Martin Roesch created the first version of Snort in 1998. In 2001, he created a technological startup called Sourcefire. He took on the role of Chief Technology Officer at the company he founded.

It was marketed as a lightweight intrusion detection system that mainly operated on Unix and Unix-like operating systems. Now, it includes more features and can hardly be called lightweight. Written in the C programming language, Snort gained popularity rapidly as security experts were attracted to its configuration granularity. Snort’s adoption was deemed cutting-edge. It soon became the de facto standard for network intrusion detection systems.

Check Point Software intended to purchase Sourcefire for $225 million in 2005, but dropped its bid when it became apparent that US authorities would seek to prohibit the deal.

The firm completed its first public offering in March 2007, generating $86.3 million.
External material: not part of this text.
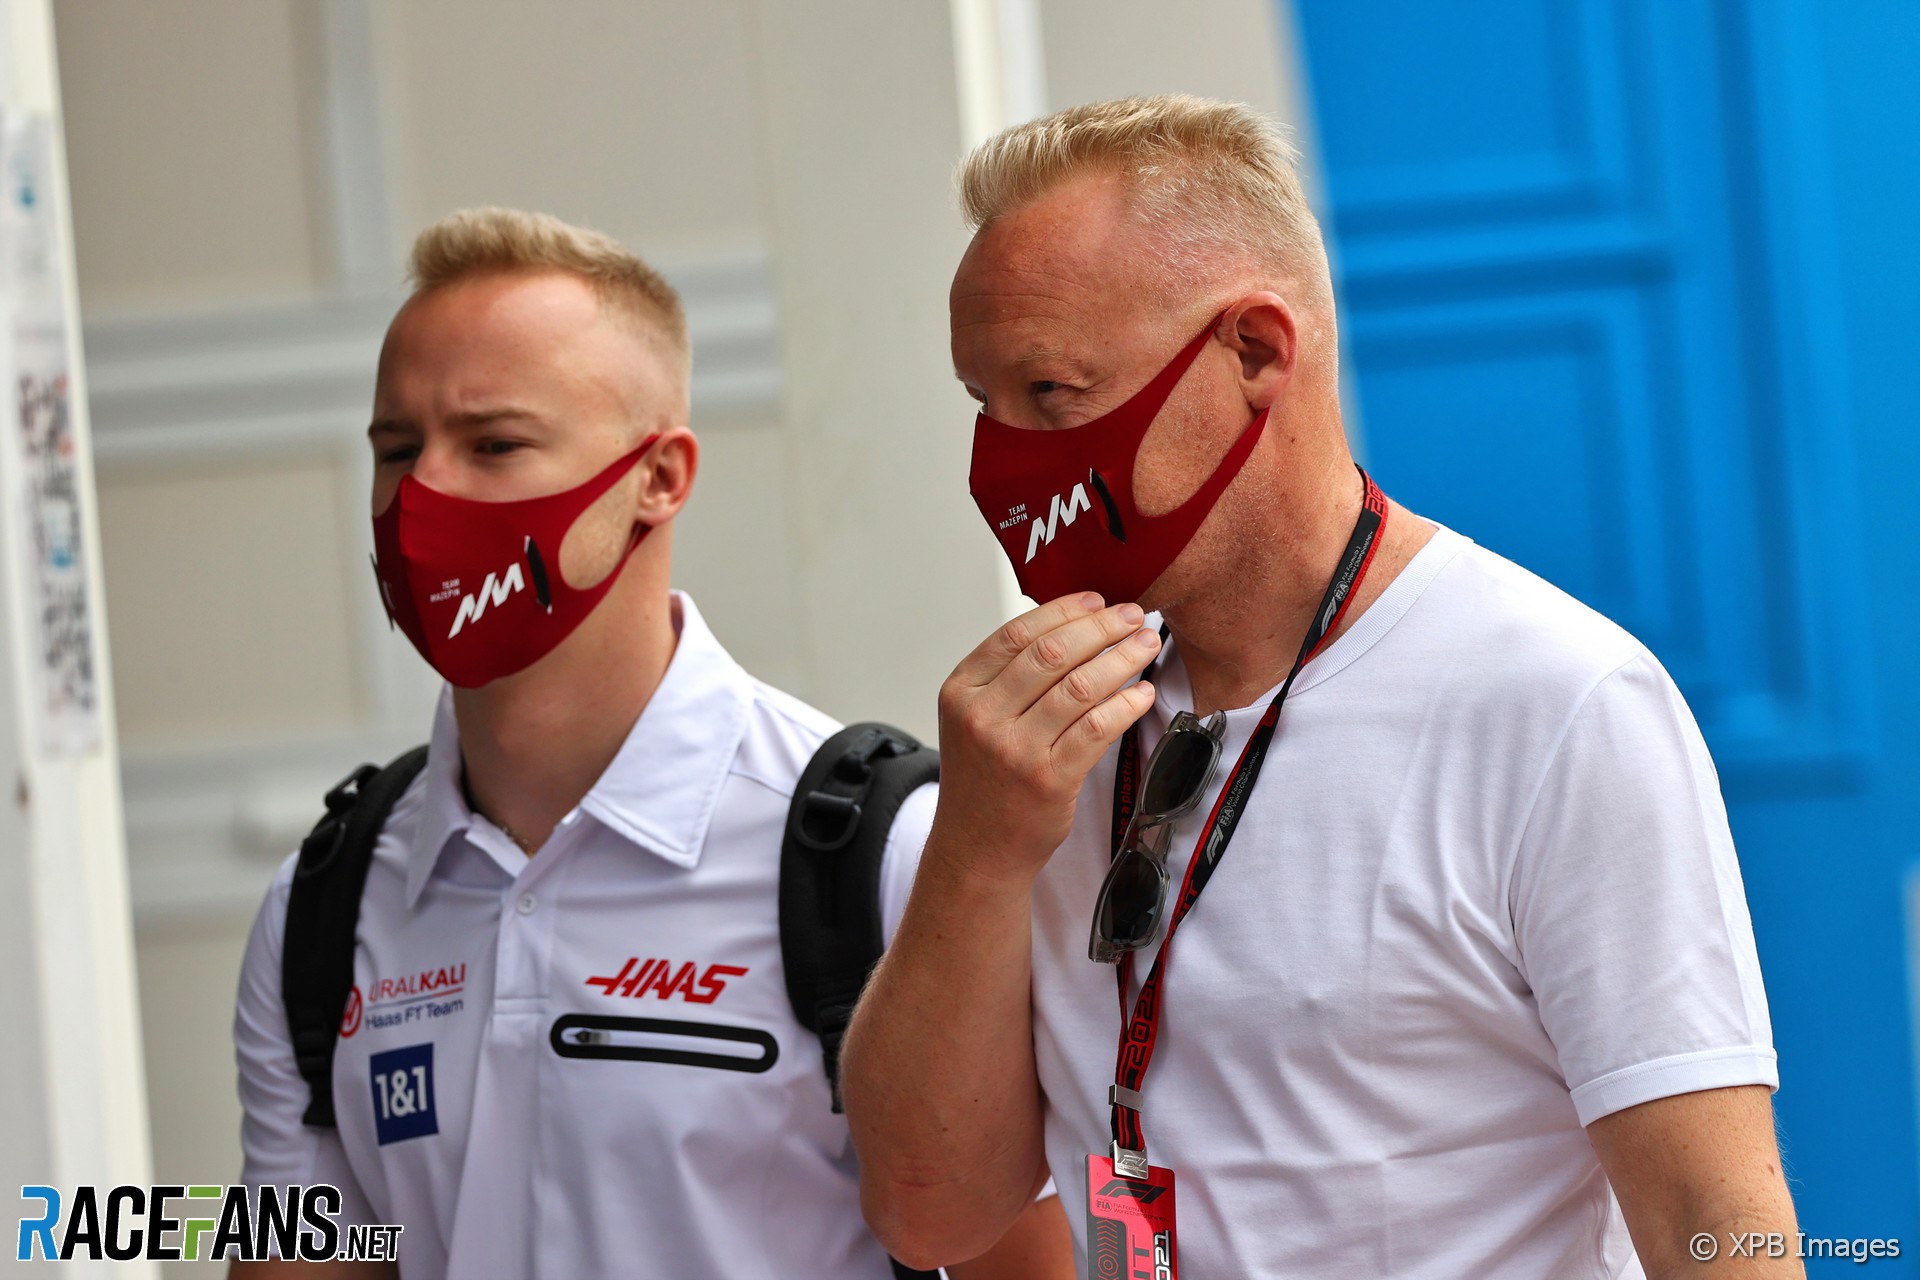 Uralkali memperingatkan Haas bahwa itu akan menarik sponsor untuk mobil Mazepin di RaceFans 2021

Sourcefire’s acquisition of Clam Antivirus occurred in August of the same year. In May 2008, Sourcefire rejected a $187 million offer from security appliance provider Barracuda Networks, which had proposed to pay US$7.50 per share, a 13% premium over its then-current stock price.

Sourcefire got the 2009 “Reader Trust” award from SC Magazine for the best intrusion detection and prevention system (IDS/IPS) for Snort. In the 2012 Gartner Magic Quadrant competition for intrusion detection and prevention system appliances, the business was ranked in the “Leaders” Quadrant. NSS Labs recommended Sourcefire in 2012 for having the quickest and most accurate IPS detection.

2013 marked the beginning of a new era for Snort and Sourcefire in general since they were now owned by Cisco Systems for 2.7 billion. Multiple versions of Snort were published, and beginning in 2005, versions included a self-tuning engine. This self-tuning engine was designed to maximize efficiency while minimizing inaccuracy.